老马特把锄头从泥里拔出来,扛在肩上,转身走向了下一块荒地。
……
十日后。
一艘掛著南境商会旗帜的吃水极深的货船,缓缓靠上了蓝叉河的码头。
这一次,码头上没有了以前那种隨时准备放箭的慌乱和戒备。
波利弗站在跳板前,手里拿著核对的货单。
五千磅熟铁。三十捆熊皮和牛筋角。八个装满了硬牛皮板的沉重木箱。
波利弗在货单上画了一个叉,確认交割无误。然后,他將货单塞进怀里,转身走向了土墙角落的土窑。
科尔已经在那里等著了。
这位独眼铁匠带著十二个在战场上截过肢、干不了重体力农活的老兵,一头扎进了那座闷热得像地狱一样的土窑里。
整整七个昼夜。
土窑里的炉火没有熄灭过一刻。铁锤敲击铁砧的轰鸣声,日夜不停地在蓝叉河的营地里迴荡。

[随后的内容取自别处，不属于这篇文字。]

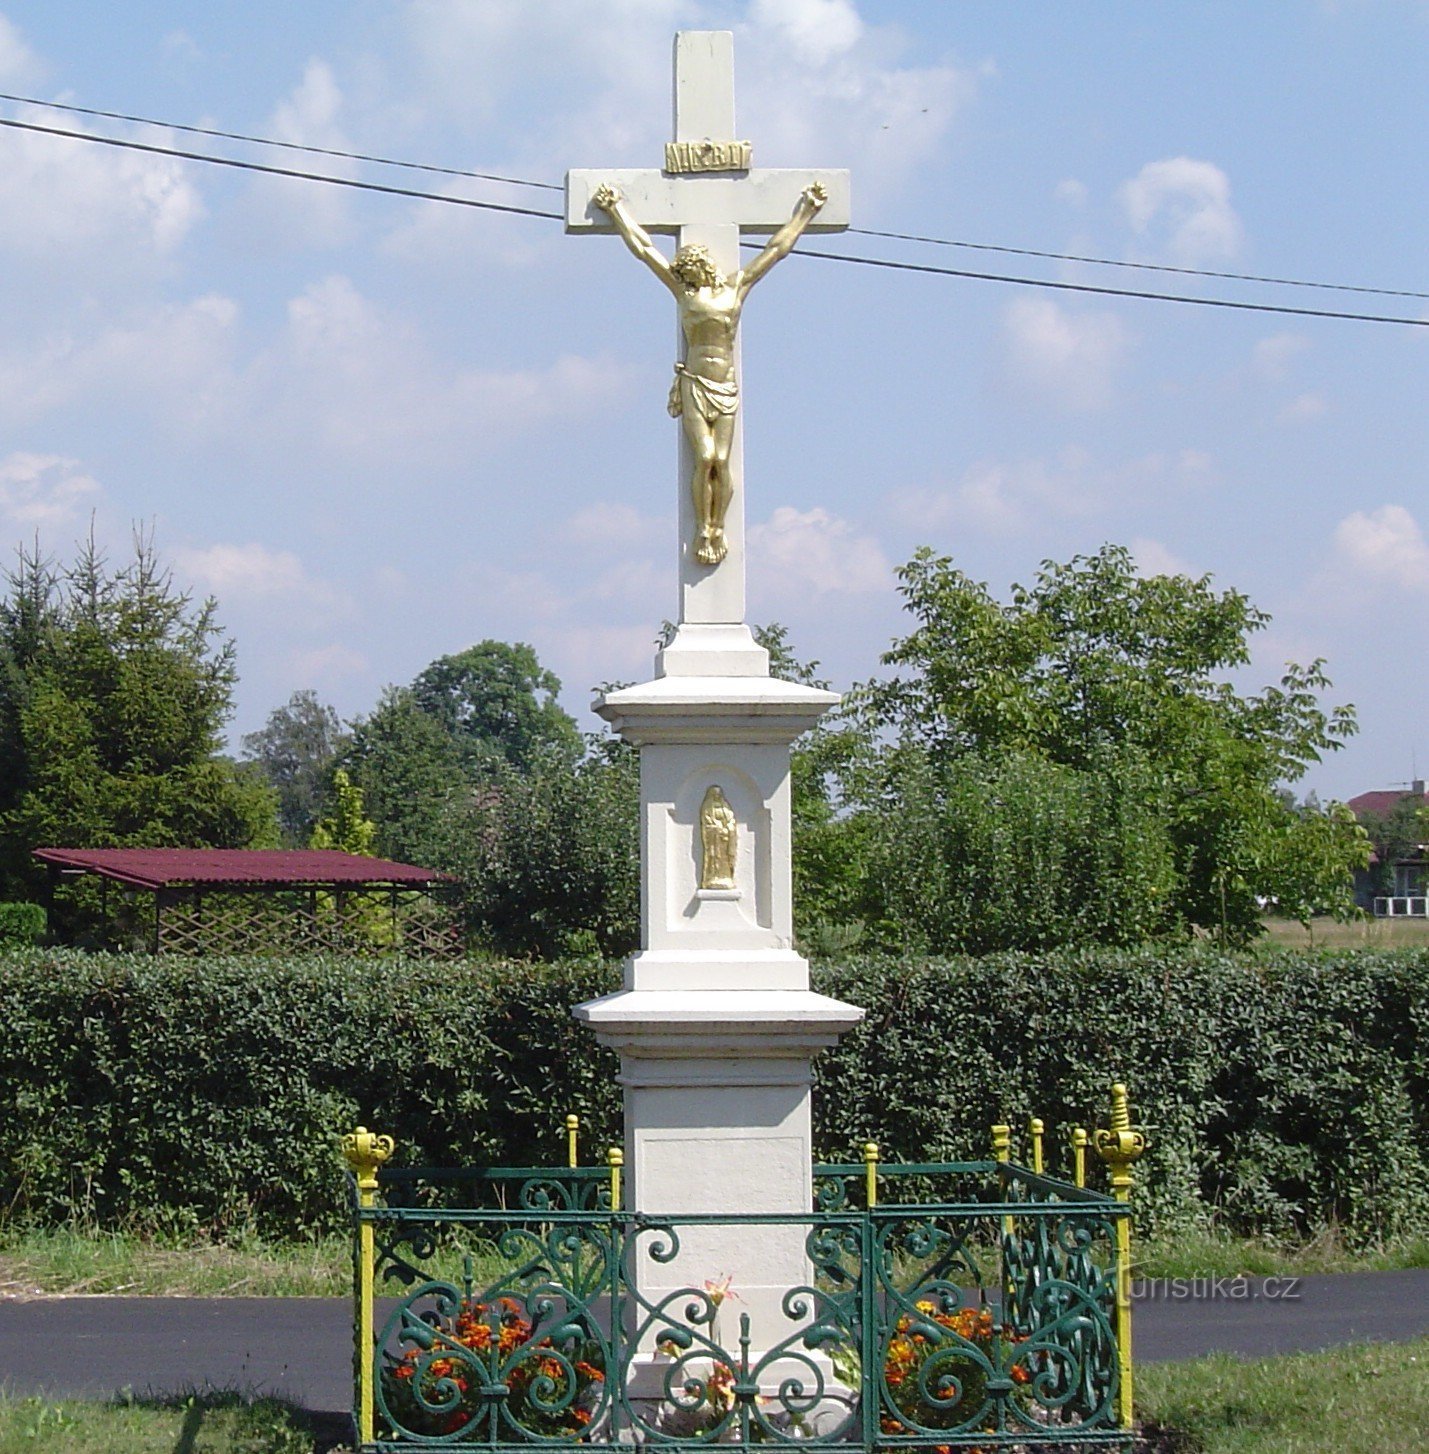 Crucea Bohumín-Šunychl la răscruce

到了第五天的时候,科尔那只仅剩的独眼里,红色的血丝已经连成了一片。
波利弗递过去一瓢井水。科尔接过水瓢,仰起头灌了一大口。
但他手里的铁锤没有停。
第七天的清晨。
十六副用硬牛皮板作为底衬、表面用熟铁片层层铆接而成的鱼鳞甲,整整齐齐地摆在了校场上。

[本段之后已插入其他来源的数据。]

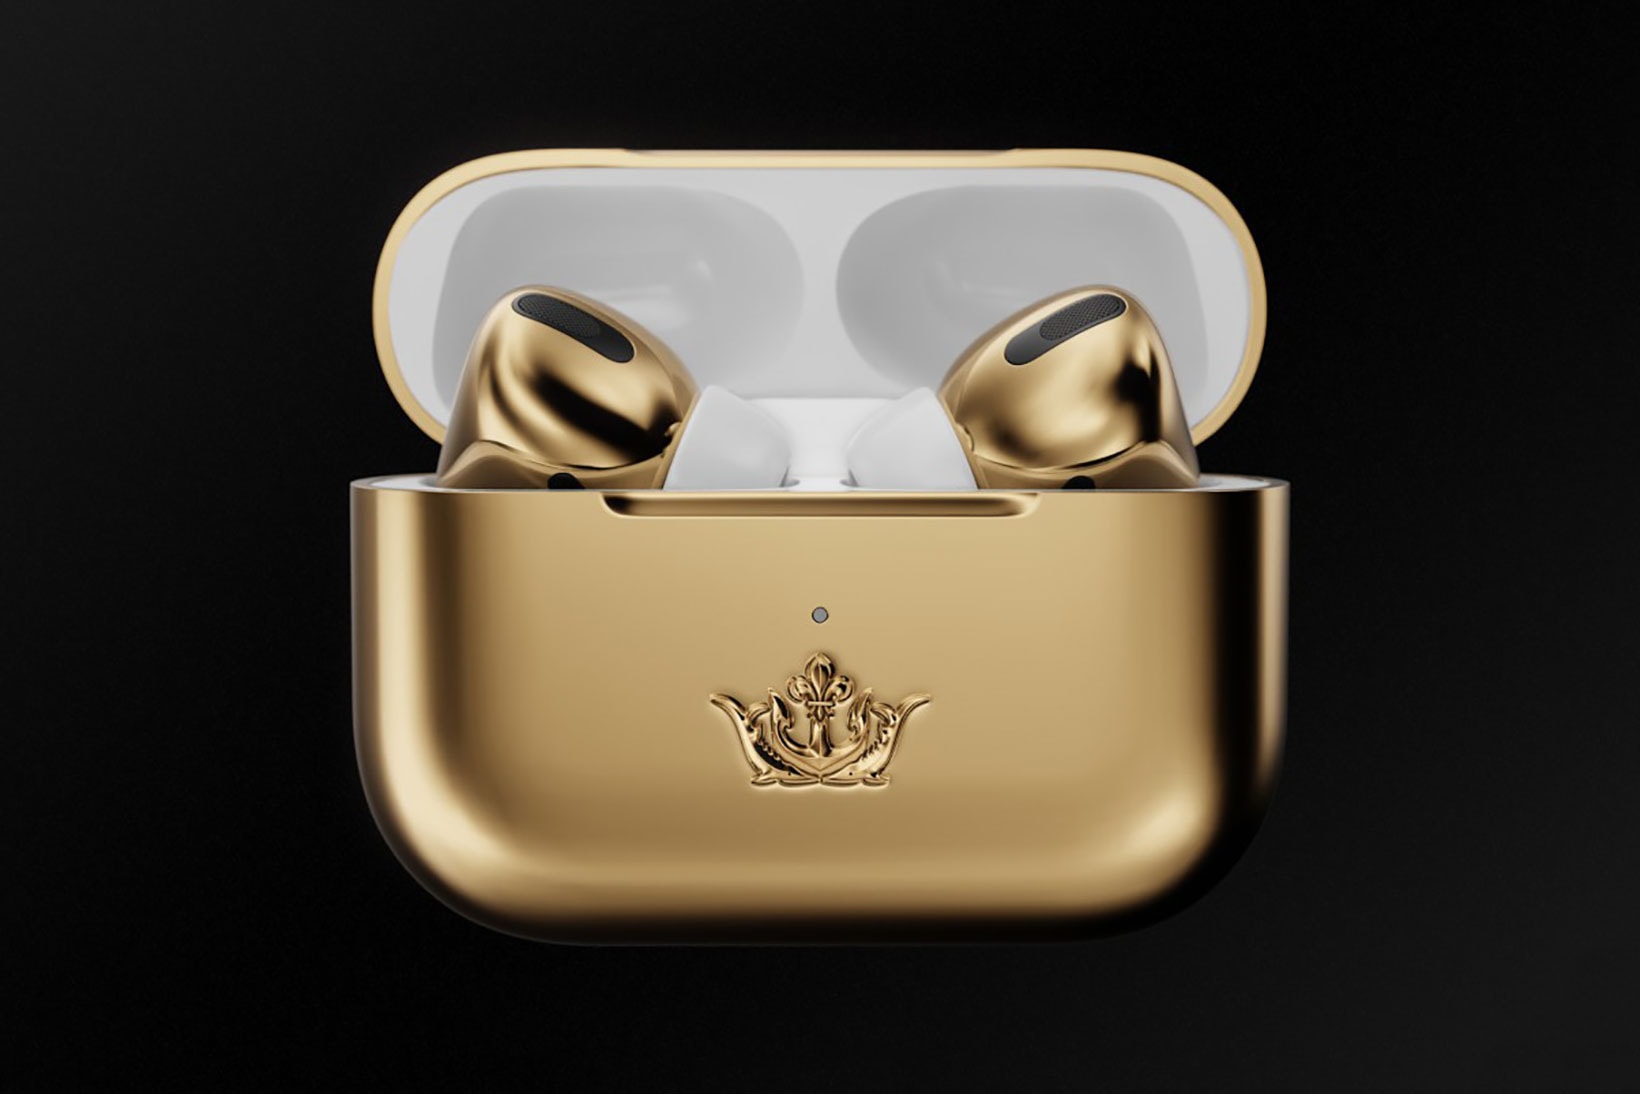 apple airpods pro 3 caviar gold wireless earphones music accessories tech

旁边,是十二把枪头带著倒刃的生铁鉤镰枪,四把用来近战的短剑,以及四面用生牛皮包裹铁边的沉重方盾。
南境商会的管事在离开前,瞥见了校场上那十六个刚刚穿上鱼鳞甲的老卒。十二个人端著长长的鉤镰枪,剩下的四个举著方盾和短剑,护在两翼。
管事的视线在那锋利的鉤镰枪尖上停留了一瞬。
他立刻合上了手里的帐本,低下头,加快脚步走上了跳板。他没有回头看一眼,催促著水手立刻开船。
……
伊利昂学士站在石塔二层的箭缝前。
他脖子上的学士项炼在微风中轻轻晃动。他看著下方校场上那十六个列阵的甲兵,又看了看远处正在冒著黑烟的土窑,以及那些堆得越来越高的粮仓。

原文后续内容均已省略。